Study Finds Racial Disparities in Heart Failure Treatment
Black adults treated at advanced heart failure centers received potentially life-changing therapies, such as transplants and heart pumps, about half as often as White adults, possibly due to racial bias. The finding comes from a small NIH-supported study.
Researchers followed 377 patients receiving treatment at one of 21 centers in the U.S. and found that 62 of 277 White adults (22%) received a heart transplant or ventricular assist device (VAD), a mechanical device that pumps blood for the heart. In comparison, 11 of 100 Black adults (11%) received these end-stage heart failure therapies, which can extend and improve a patient’s quality of life.
Researchers said the findings, which appear in Circulation: Heart Failure, underscore the importance of strengthening equity in clinical decision-making for the 600,000 Americans—particularly Black adults—who have end-stage heart failure.

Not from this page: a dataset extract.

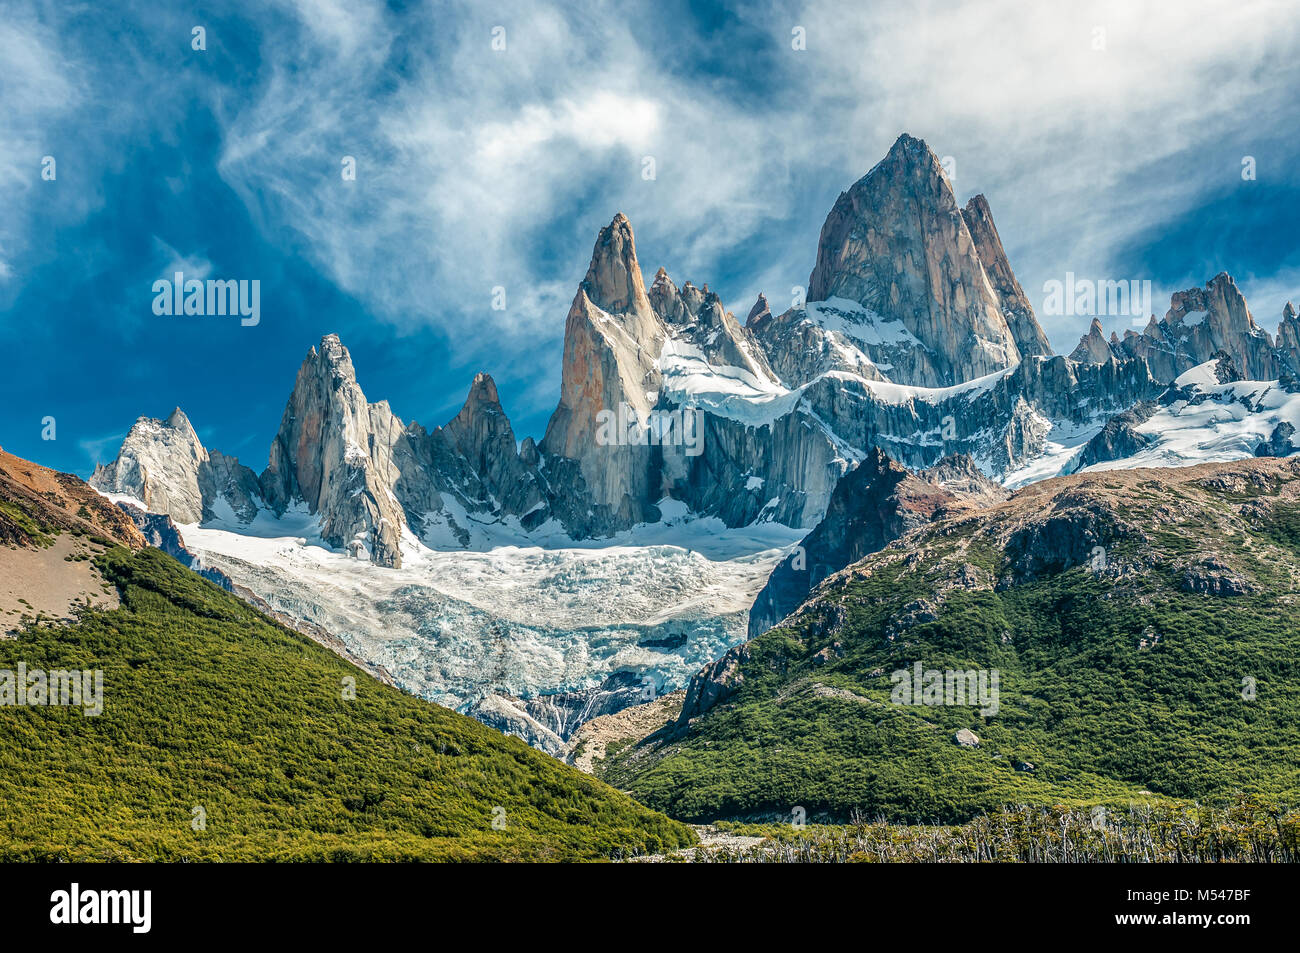 Fitz Roy Berg, El Chalten, Patagonien, Argentinien Stockfoto

Prior studies have shown Black adults have a greater risk for heart failure and are twice as likely to die from it.
To help address this disparity, “an immediate step could be to require implicit bias training, particularly for transplant and VAD team members,” suggested Dr. Wendy Taddei-Peters, study author and clinical trials project official in NHLBI’s Division of Cardiovascular Sciences.
The findings are from the Registry Evaluation of Vital Information for VADs in Ambulatory Life (REVIVAL), an observational two-year study supported by NHLBI.
For their analysis, the researchers controlled for multiple factors, including disease severity, quality of life and several social determinants of health. Despite that treatment preferences between the two groups were similar, being Black was associated with a 55% reduced rate for receiving VAD therapy or a heart transplant.
The researchers suggested that unconscious bias—and even overt racism and discrimination—among health care providers and within the health care system itself likely came into play.
In addition to recommending training, researchers suggest studying ways to standardize advanced heart failure therapy. Using patient registries to identify when and where disparities in clinical care occur could be a start. Medical centers could partner with “disparity experts” to identify pivotal decision-making points where bias may creep in.